Review by Flashman85
Worthwhile adventure game for any gamer.
A remarkably true-to-the-original remake of the 1986 EGA game that launched the Space Quest franchise (though some would argue it's not as good as the original), Space Quest I: Roger Wilco in the Sarien Encounter is an excellent choice for both novice and veteran adventure gamers. Creative puzzles, a variety of action sequences, a solid story, a user-friendly point-and-click interface, pretty VGA graphics, a campy sci-fi B-movie feel, rampant humor, and many inventive ways to die make this game so appealing.
You play as Roger Wilco, a clueless space janitor on board the research vessel Arcada. You emerge fom your broom closet, awakening from your on-shift nap to discover that your ship is under attack by the sinister Sariens. The Sariens have stolen the Star Generator, a powerful device that can transform a planet into a sun. The people of Xenon, your home planet, had hoped to see it rescue them from their dying sun. The Sariens, on the other hand, planned to use it as a terrible weapon. Of course, it's up to you foil the plans of the vile Sariens.

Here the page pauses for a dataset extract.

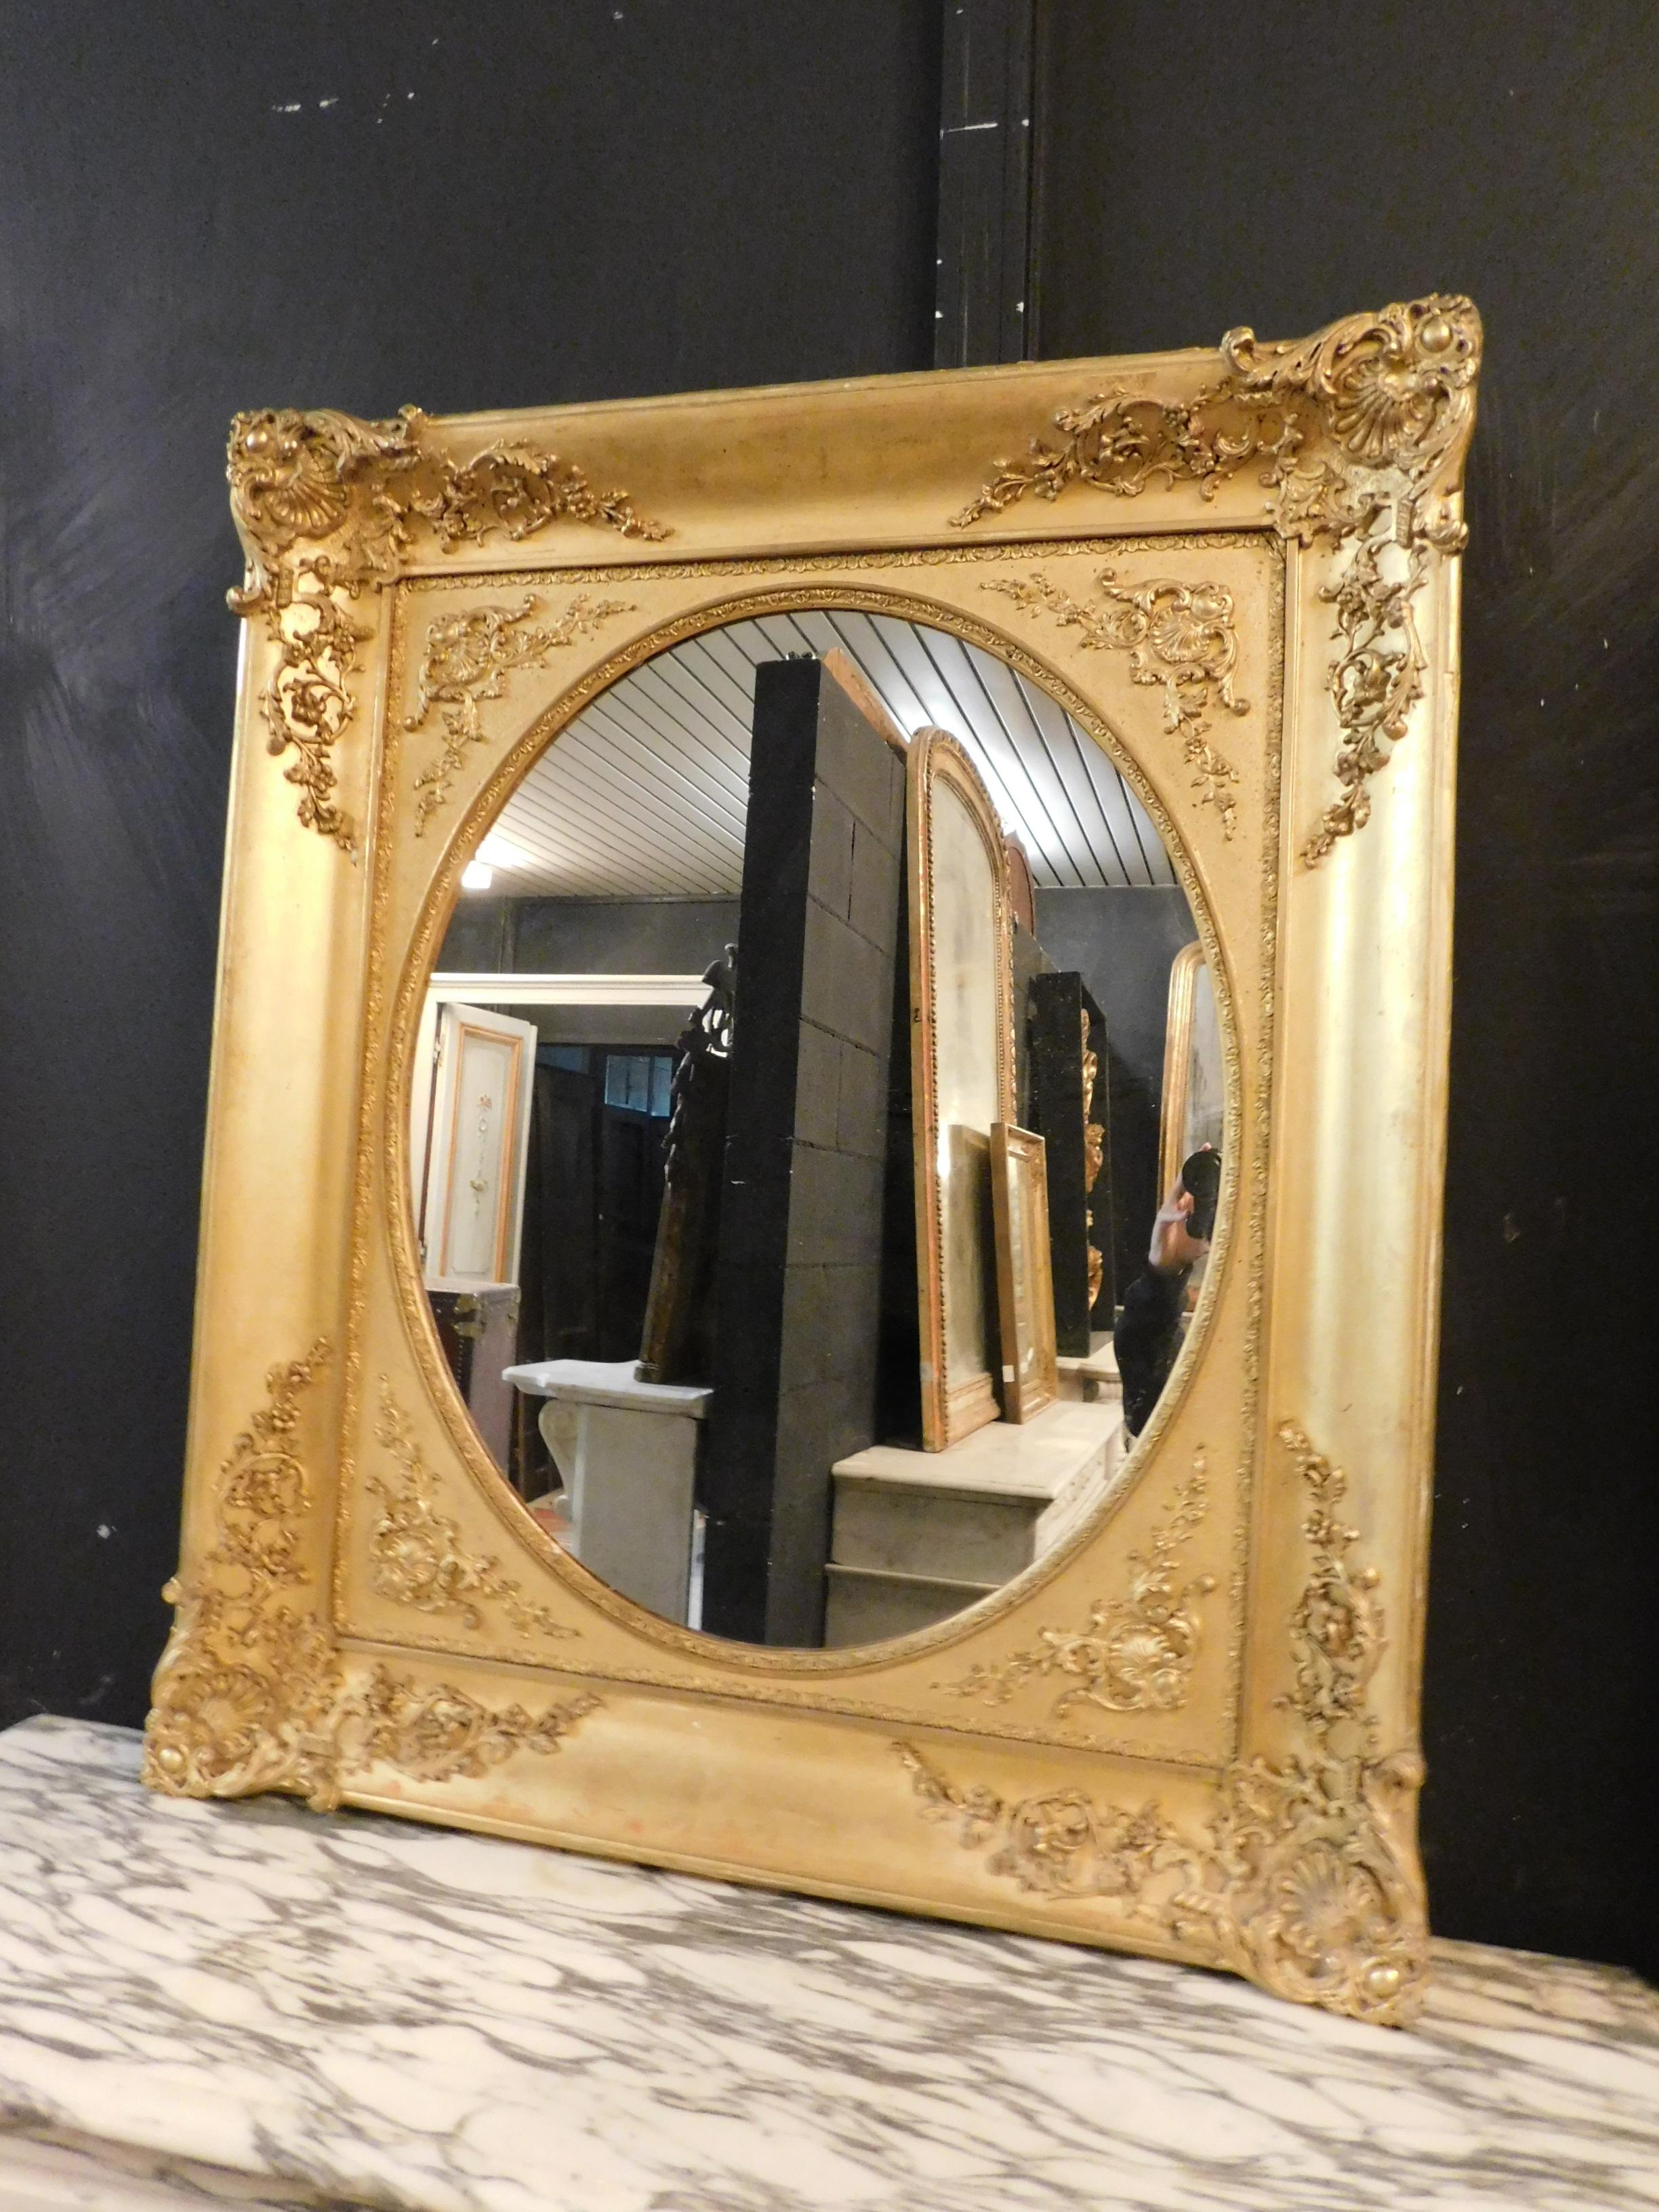 Miroir antique doré, richement sculpté à la main avec de beaux détails dans le cadre, de forme rectangulaire mais avec miroir ovale, du 19ème siècle, du Piémont (Italie), idéal pour être installé dans de nombreux environnements tels que les entrées,

The controls are very easy to use. You have a list of commands along the top of the screen: Walk, Look, Touch, Talk, Smell, Taste. You select the command you want and then click on whatever you want to interact with aliens, control panels, electrified force fields, etc. in the manner you have selected. Along the way you'll need to pick up everything that isn't nailed down, giving you a selection of items that you will also be able to use on yourself and your surroundings to solve puzzles and survive action sequences.
Your adventure takes you through a good number of unique locations. The rich backgrounds offer plenty to look at and click on in every screen, and each location has a distinct feel to it. Overall, the graphics are very well done, and you'll more often than not feel like you're looking at an animated sci-fi B-movie and instead of an old PC game.
The music contributes to the atmosphere of each location. From the lonely music of the Kerona desert to the performances by in-game parodies of ZZ Top, Madonna, and the Blues Brothers, everything fits perfectly. And, let's not forget about the amazing Space Quest theme, which quite possibly sounds more epic in this game than in any of the sequels. At least a few of the songs will stick with you after playing, and even the ones that aren't as memorable still fit their locations very well and sound very good. The biggest problem is that a few of the tracks are strange and have squawks and squeaks thrown in to (presumably) add an "alien" feel to the music, but they often border on being downright obnoxious. As far as the sound effects go, I don't have much to say; they're digitized, and they serve their purpose well and aren't at all bad.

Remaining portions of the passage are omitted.